Немного легче жилось тем, кто жил в двух и трехместных кельях. Им удавалось друг с другом пошептаться, когда выключали свет.
Одиночных келий было мало, только для эксклюзивных вроде меня.
На третий день нас ранним утром, до восхода солнца, вывели в чахлый садик с деревьями за высоким каменным забором и разрешили подышать воздухом.
Уличный воздух был глотком отрады после затхлой и пыльной атмосферы закрытых помещений, в нем смешались горьковатые нотки пустыни, соли и пыльного перекати–поля. Остаточная ночная прохлада приятно освежала.

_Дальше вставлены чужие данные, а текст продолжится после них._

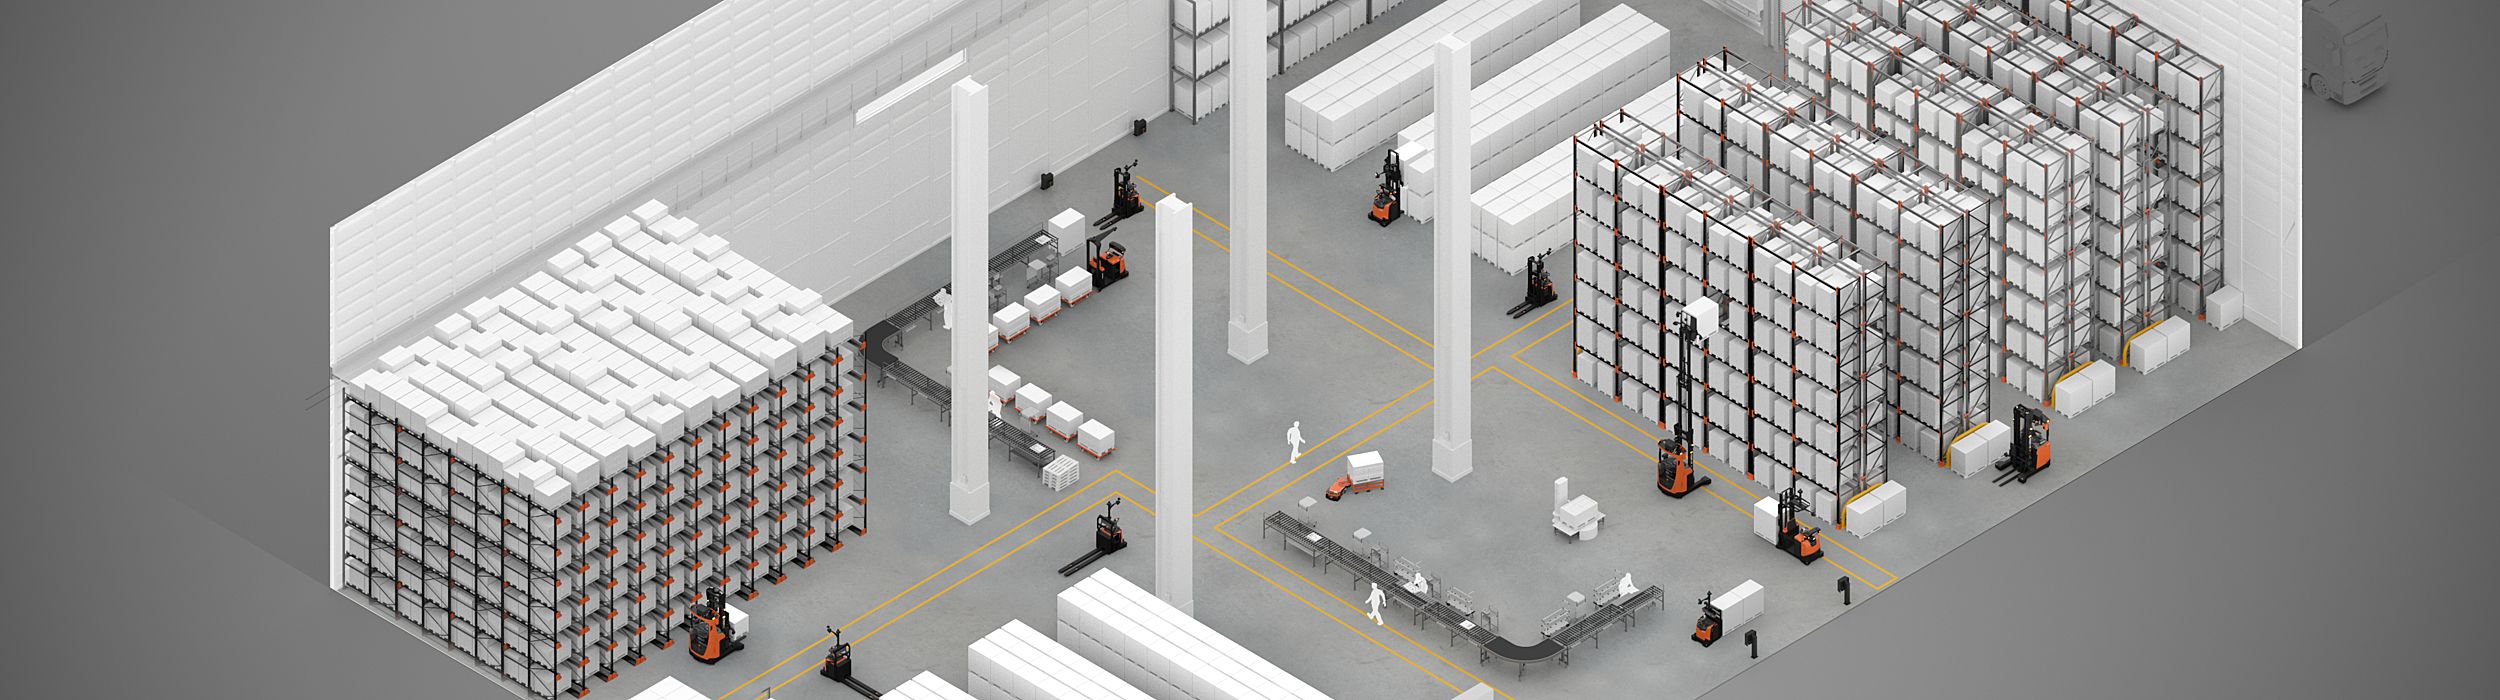 Simulación del diseño de un almacén con carretillas

Оказалось, прогулка на свежем воздухе разрешена каждый третий день, чем я беззастенчиво пользовалась. Маловато, конечно, но что делать?
Я мгновенно слиняла в самую глубь сада, надеясь найти уголок подальше без камер и начать хоть как–то восстанавливать физическую форму. В камере мне это делать запретили, поймав на горячем и записав второе предупреждение. Так что я изыскивала средство обойти это запрет.
Но только я нашла приличный уголок и начала разминку, как кусты раздвинулись и мне явилась бесстрастная физиономия Скара. Он внимательно обозрел полянку и напружинившуюся меня, еле заметно кивнул и исчез.
— Фу–у–у! — выдохнула я с облегчением и продолжила.
Когда только на востоке появилось солнце, над садиком раскрылся не то силовой, не то стеклянный купол, конструкции которого сразу в потемках я даже не заметила.
[1] Китайский фасон длинного узкого платья с разрезами по бокам.